Saturday, October 27, 2018

The authoritarian Ghost of Presidency Past

John Dean authored a book published in 2006 titled Conservative Without Conscience. He drew on the work of Robert Altemeyer on authoritarianism and the authoritarian personality, such as The Auzthoritarian Specter (1996).

Dean's book was published 12 years ago. More than a decade. Two Presidencies ago. His primary focus in that book was on authoritarian aspects of the Cheney-Bush Administration. He remarked on that Administration's contempt for law in many ways, "The president and vice president, it appears, believe the lesson of Watergate was not to stay within the law, but rather not to get caught."

It was that Administration, not Trump's, that he was writing about when it said this:
What has driven this book is the realization that our government has become largely authoritarian. It is run by an array of authoritarian personalities, leaders who display all those traits I have listed dominating, opposed to equality, desirous of personal power, amoral, intimidating, and bullying; some are hedonistic, most are vengeful, pitiless, exploitive, manipulative, dishonest, cheaters, prejudiced, mean-spirited, militant, nationalistic, and two-faced. Because of our system of government, these dominators are still confronted with any number of obstacles, fortunately. Yet authoritarians seek to remove those complications whenever they can. They are able to do so because the growth of contemporary conservatism has generated countless millions of authoritarian followers, people who will not question such actions. How, then, can authoritarianism be checked?  [my emphasis]
I saw Dean on a panel at the 2008 Netroots Nation convention in 2008. He and the other participants stressed the need to change policies on issues like torture and government secrecy. But when a questioner from the audience asked about whether officials from the Cheney-Bush Administration should be prosecuted for crimes, he seemed taken aback. And he responded that he didn't think that would be the right approach.

It seemed to me then and still does now that Dean wasn't quite ready to follow the practical conclusion to the persuasive case he made against that Administration in this book and in Worse Than Watergate: The Secret Presidency of George W. Bush (2004).

Because it really is insufficient when the Republicans are willing to pursue political prosecutions and try to block even investigating real crimes by high officials, if Democrats are also unwilling to investigate and prosecute real crimes by government officials, even Republican ones. Government officials should not be above the law.

(Do I even need to add that the Trumpist Administration is far worse in its authoritarianism and contempt for law and democratic traditions than the Cheneyite one was? I didn't think so.)

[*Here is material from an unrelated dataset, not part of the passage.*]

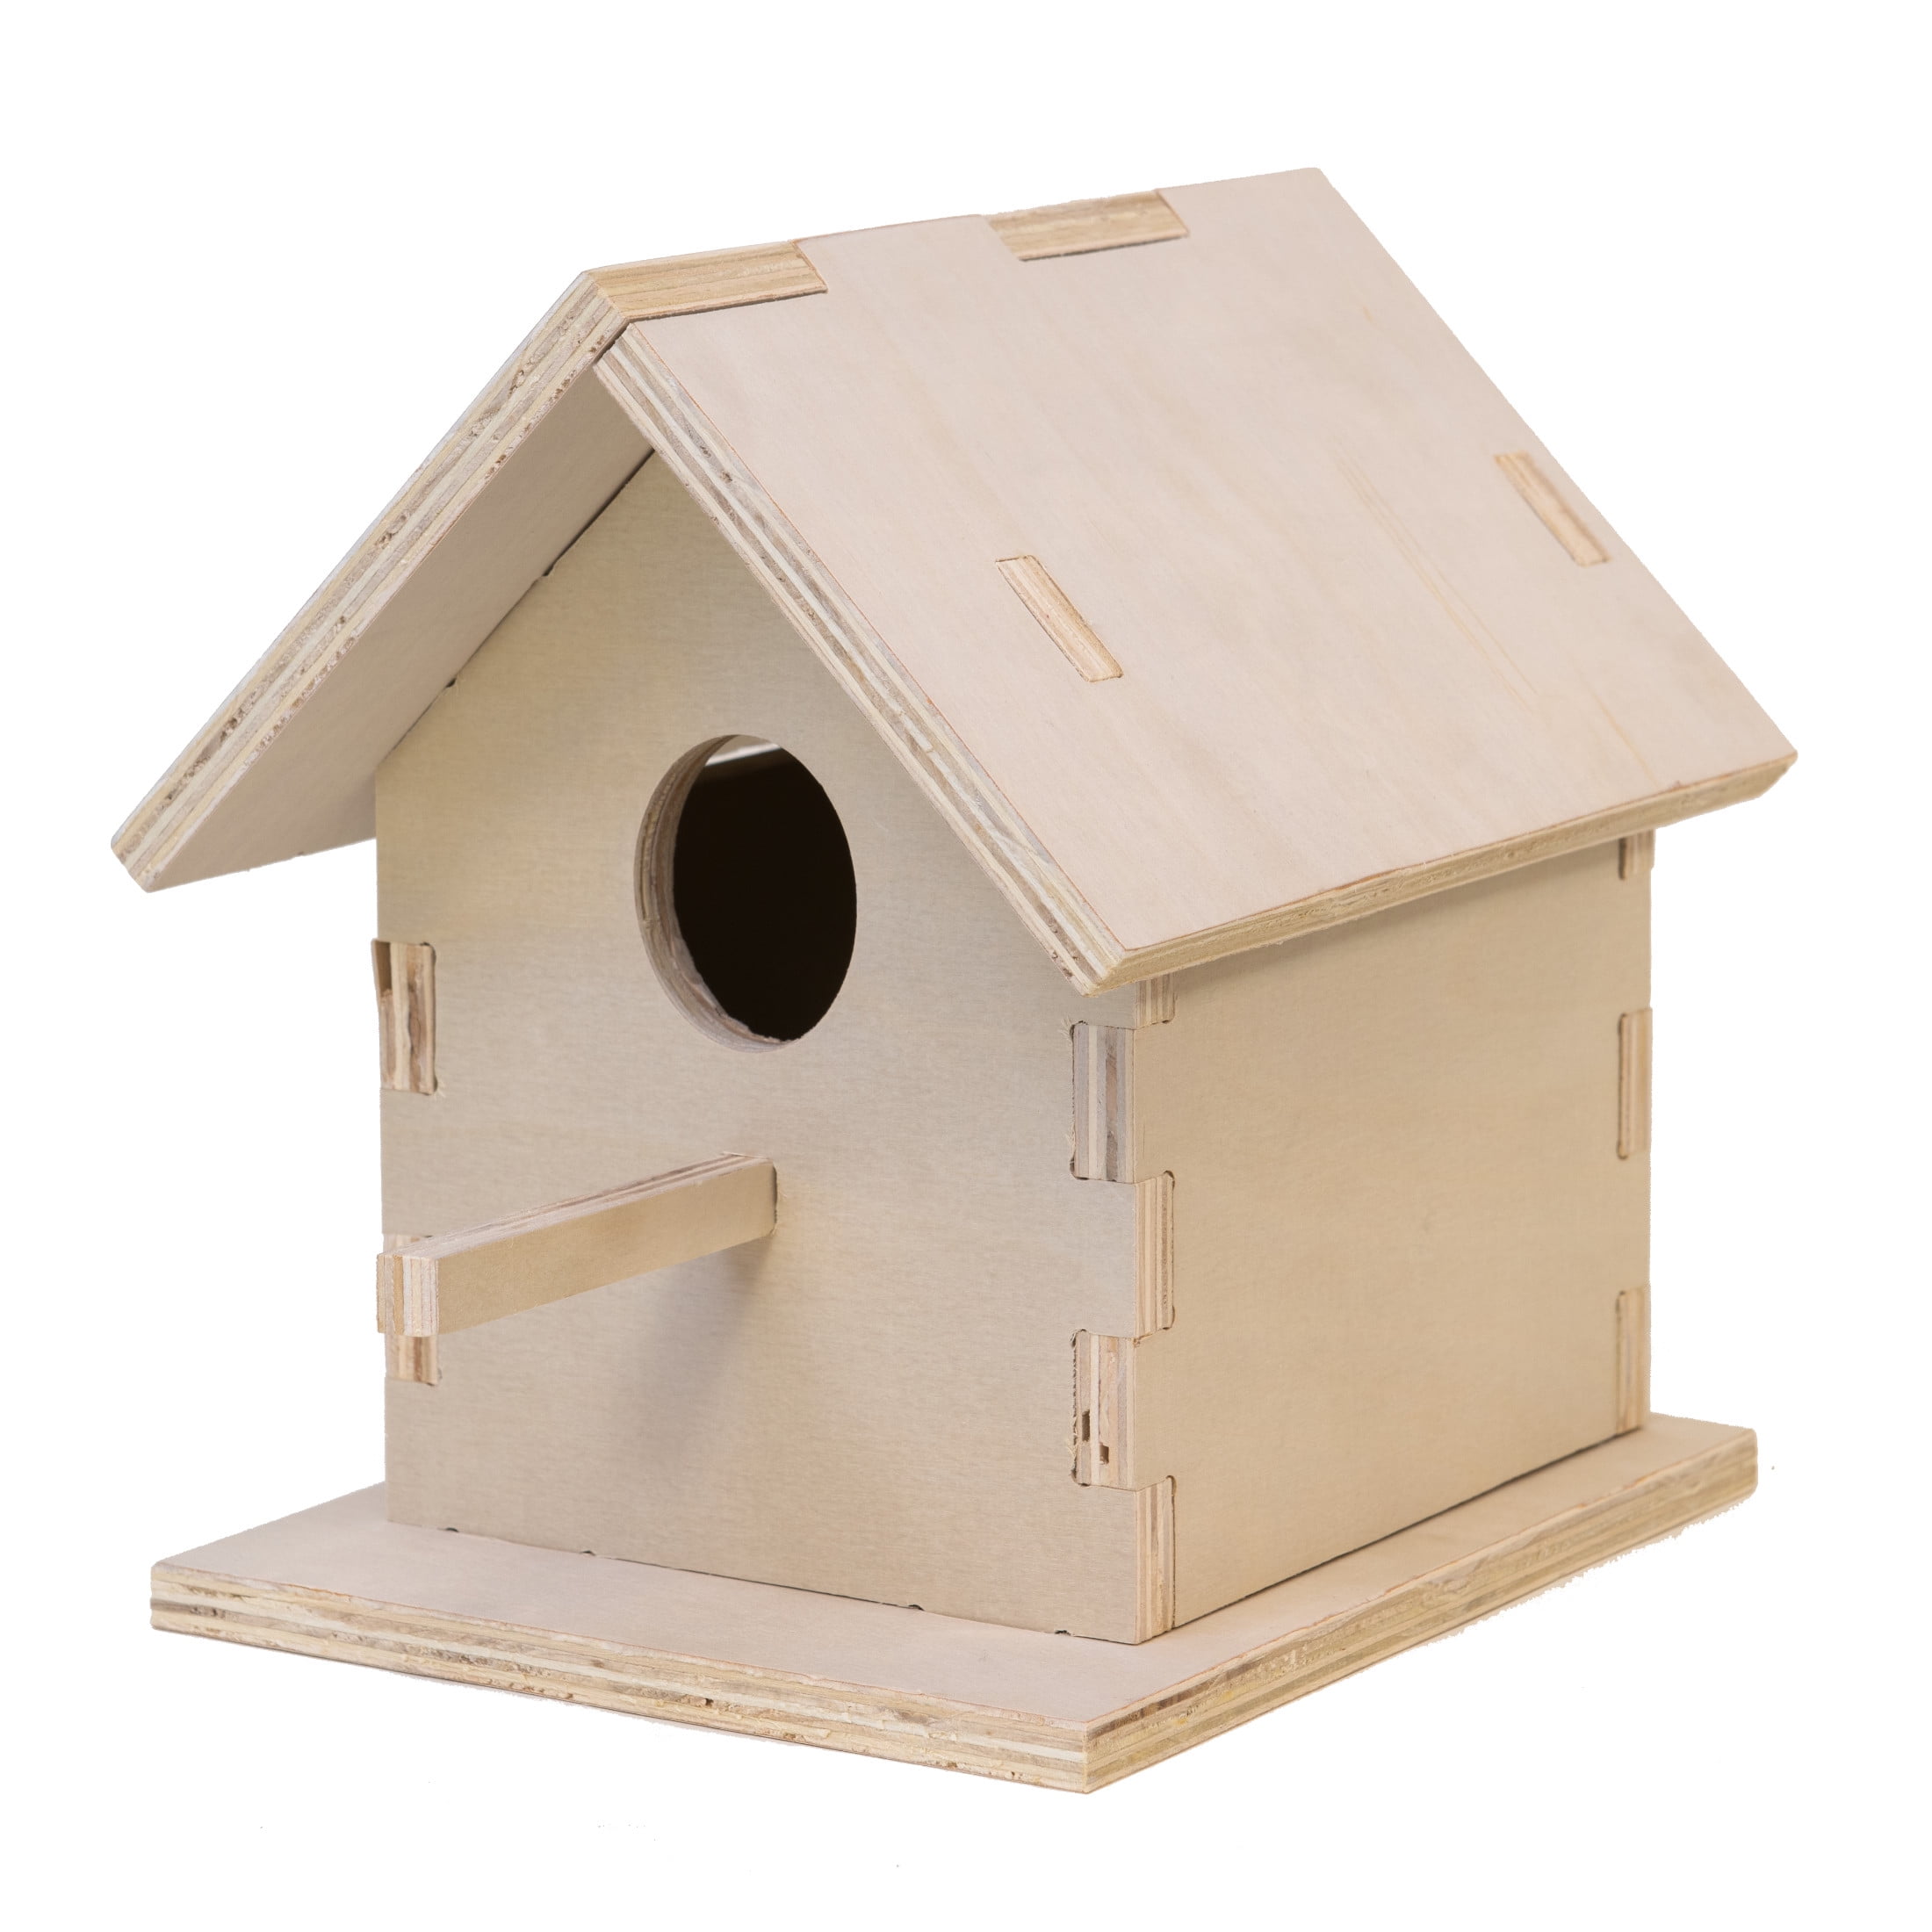 Lot of 2 Woodshop DIY Model Build Play Kit Bird House Bird Feeder

This means that if and when the Democrats get more power to act, including winning a majority in the House, they will need to move to reverse authoritarian and criminal tendencies, including the staggering level of old-fashioned corruption we're seeing. Ignoring official crimes won't do it. Using the Mueller investigation as an excuse to duck and cover from their responsibilities won't do it. Demanding a "PayGo" approach to budgeting won't do it.

If they really do make a big deal of PayGo, that will be a strong indication that they are still too beaten down and/or bought off to take the Trump Administration's radicalism for what it is and act accordingly.